I was revisiting some linear algebra basics and could not find a good resource that put together all the scenarios in which the various solution types of $\bf{A}\bf{x}=\bf{b}$ ocurred. The flowchart and explanation that follows is my attempt at covering all the bases. I assume the reader has a basic understanding of linear algebra. Here’s a good refresher if you need one.

complete The above flowchart presents the train-of-thought along with the core concepts needed to derive a solution type from the structure of $\bf A$.

For better viewing, click the image to open in a new tab.

Notations

  • $\mathbf{A} \in \mathbb{R}^{m\times n},\;\;\mathbf{x}\in \mathbb{R}^{n},\;\;\mathbf{b}\in \mathbb{R}^{m}$.[1]
  • $C(\mathbf{A})$ denotes the Column Space of $\bf A$. When the matrix is represented as a linear transformation, it is also know as the Image of $\bf A$, denoted by $Im(\mathbf{A})$.
  • $dim(V)$ denotes the dimension of a vector space $V$. It is the cardinality of a basis set of $V$.
  • $r := rank(\mathbf{A})$ is the rank of matrix $\bf A$. Loosely speaking, rank is the number of linearly independent columns of the matrix.
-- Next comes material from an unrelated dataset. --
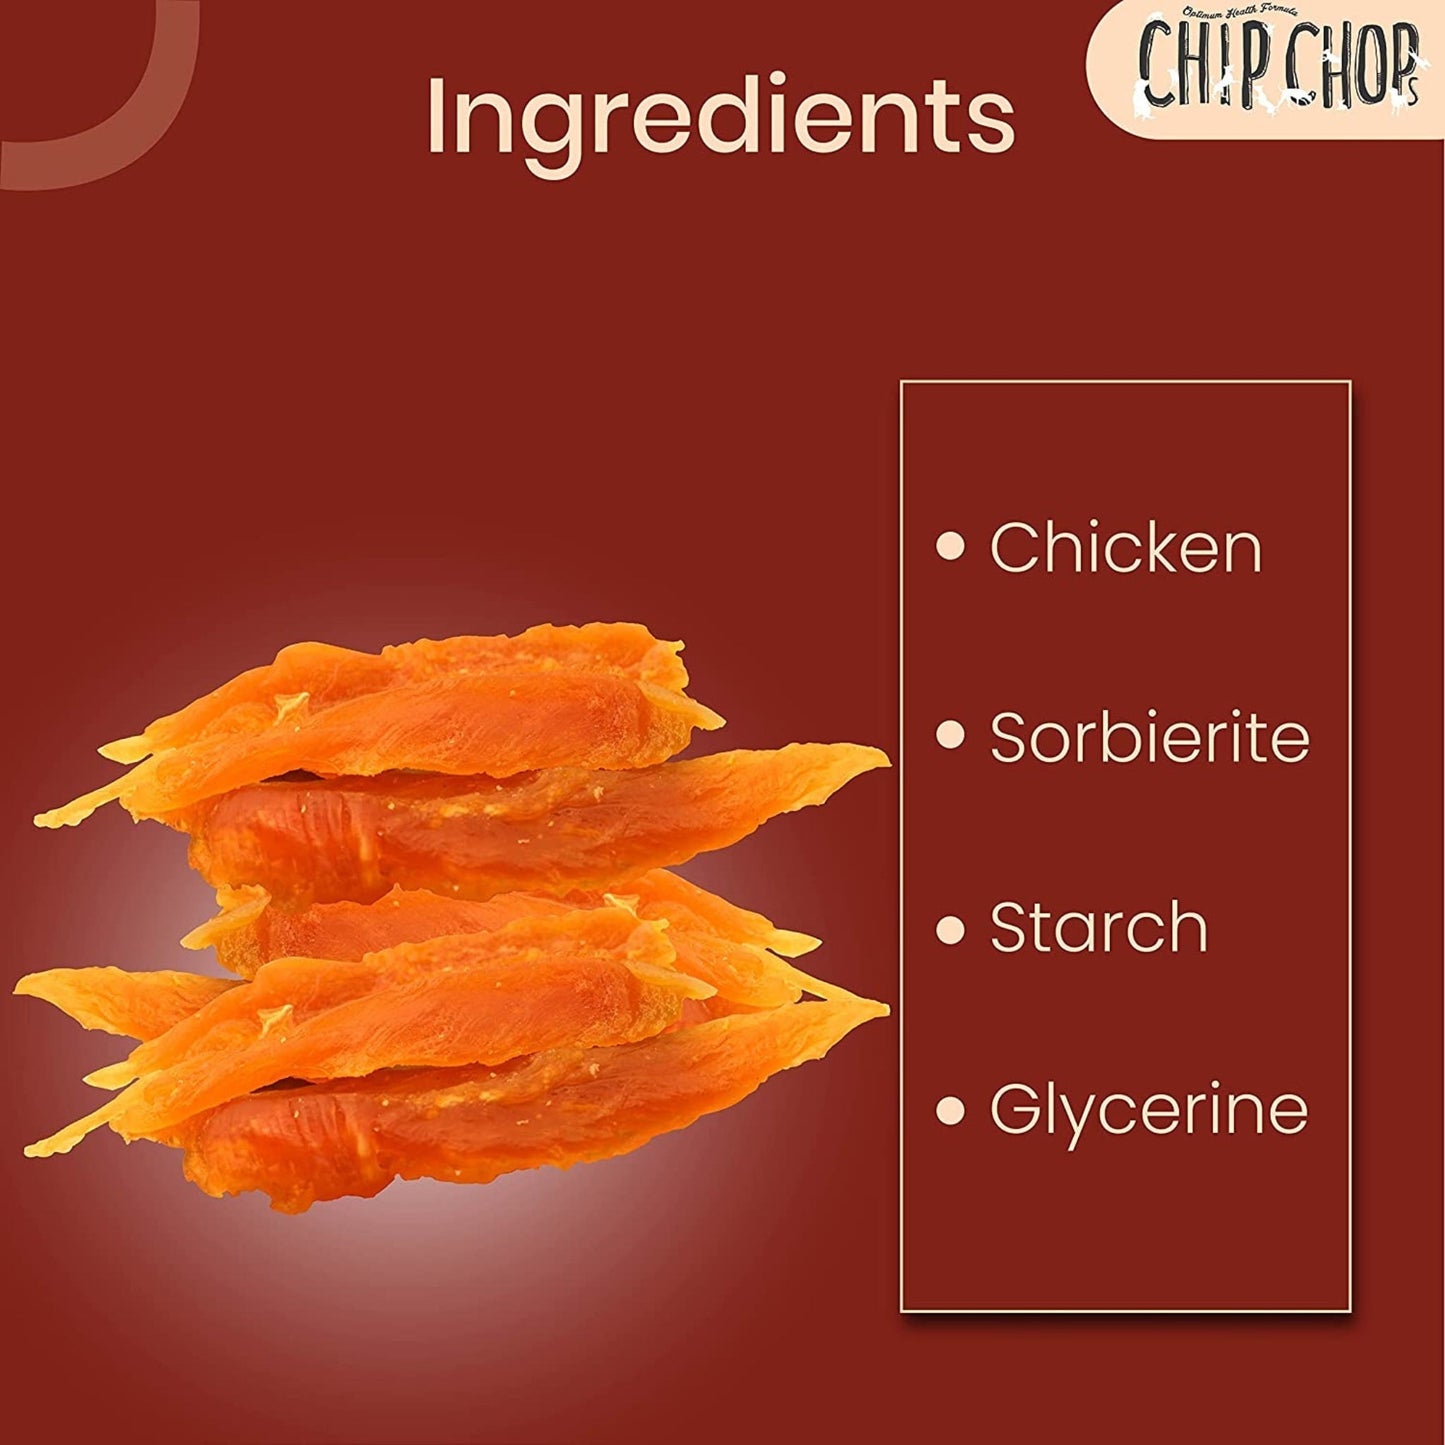 Chip Chops Dog Treats - Sun Dried Chicken Jerky (70gm, Pack of 4)
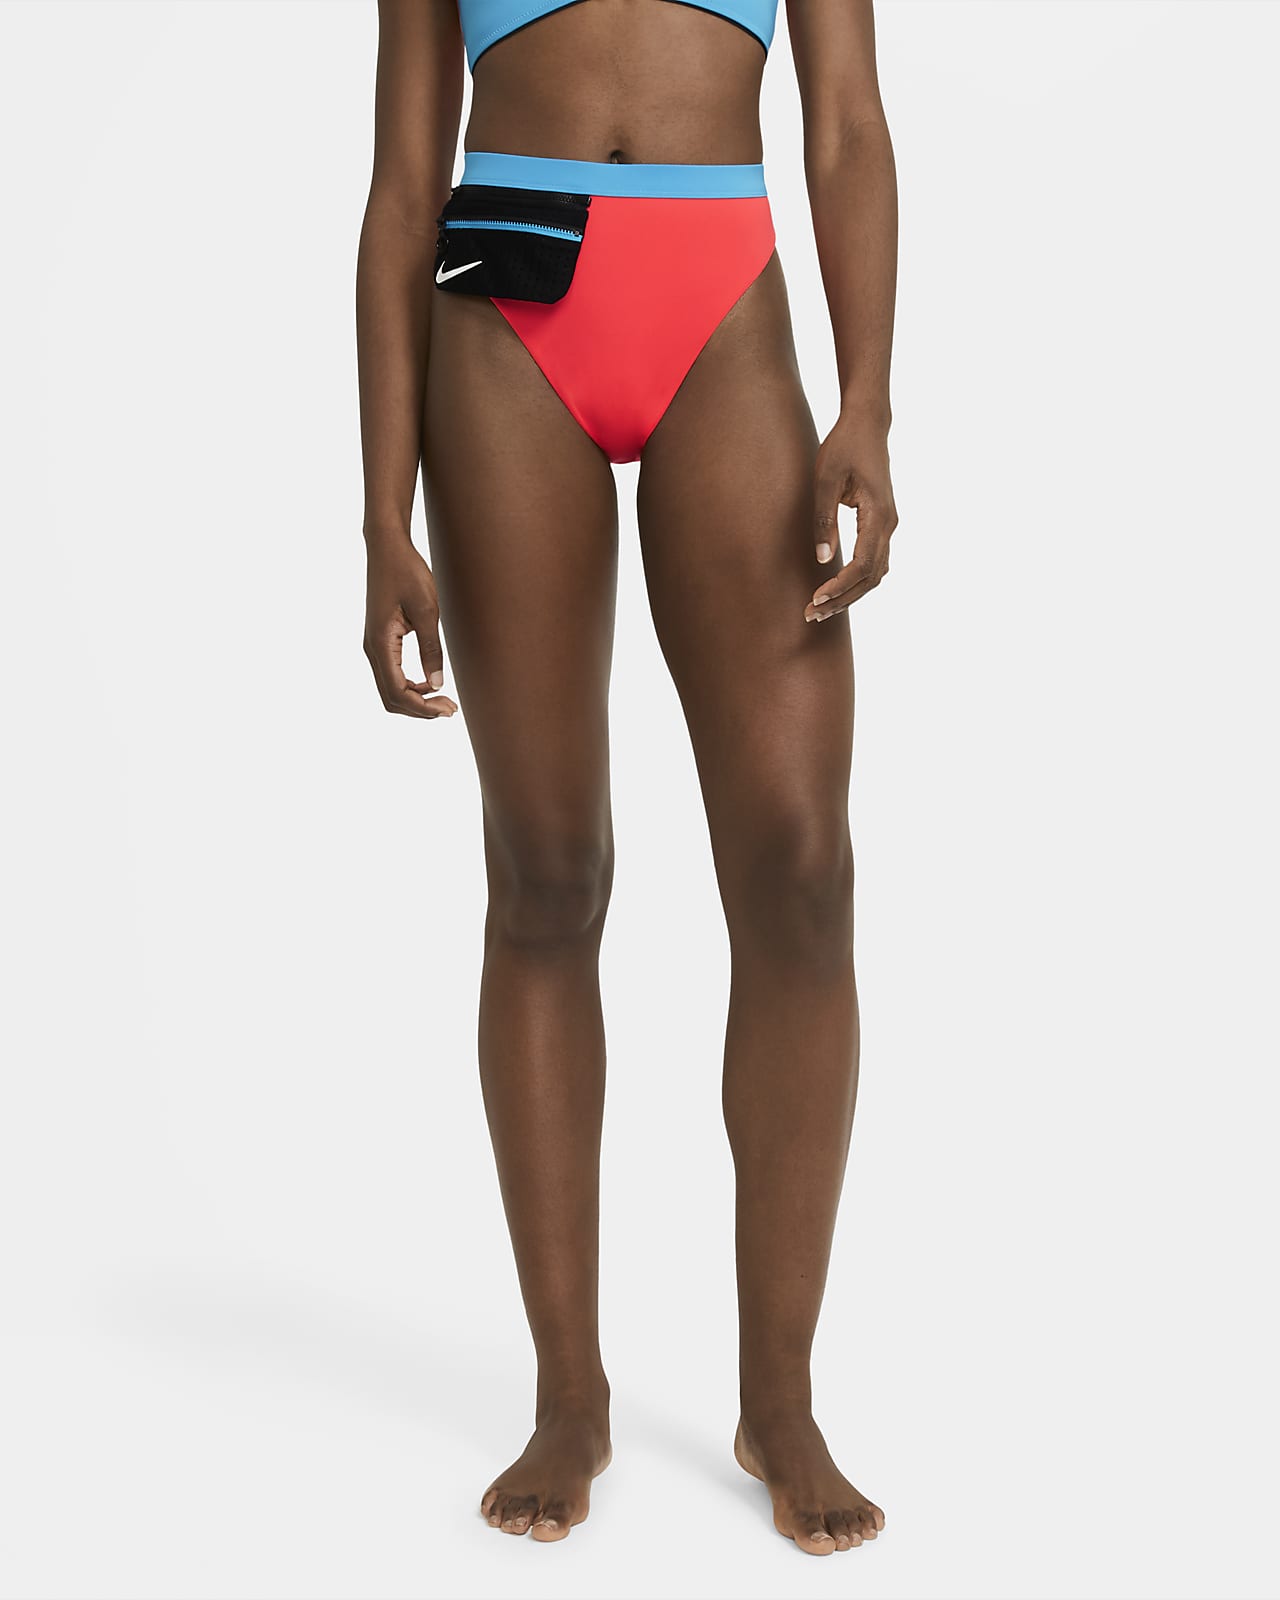 Nike Women's Color-Block High-Waist Swim Bottom

[1]: We chose the matrix to be defined over the reals to keep things simple. The details in the post are applicable to matrices defined over any field.

Different Solution Types

The solution types for $\bf{A}\bf{x}=\bf{b}$ falls into three categories.

  • No Solution: There is no linear combination of the columns of $\bf A$ that can produce a specific $\bf b$, i.e. $\mathbf{b} \not\in C(\mathbf{A})$
  • One Solution: All the columns of $\bf A$ form a linearly independent set, and $\mathbf{b} \in C(\mathbf{A})$
  • $\infty$ Solutions: $\bf b$ can be formed as the linear combination of more that one set of linearly independent columns in $\bf A$.

One natural question to ask is, could there be more than one but less than infinite solutions. The answer is no. Theorem 1 in the Appendix section gives a constructive proof.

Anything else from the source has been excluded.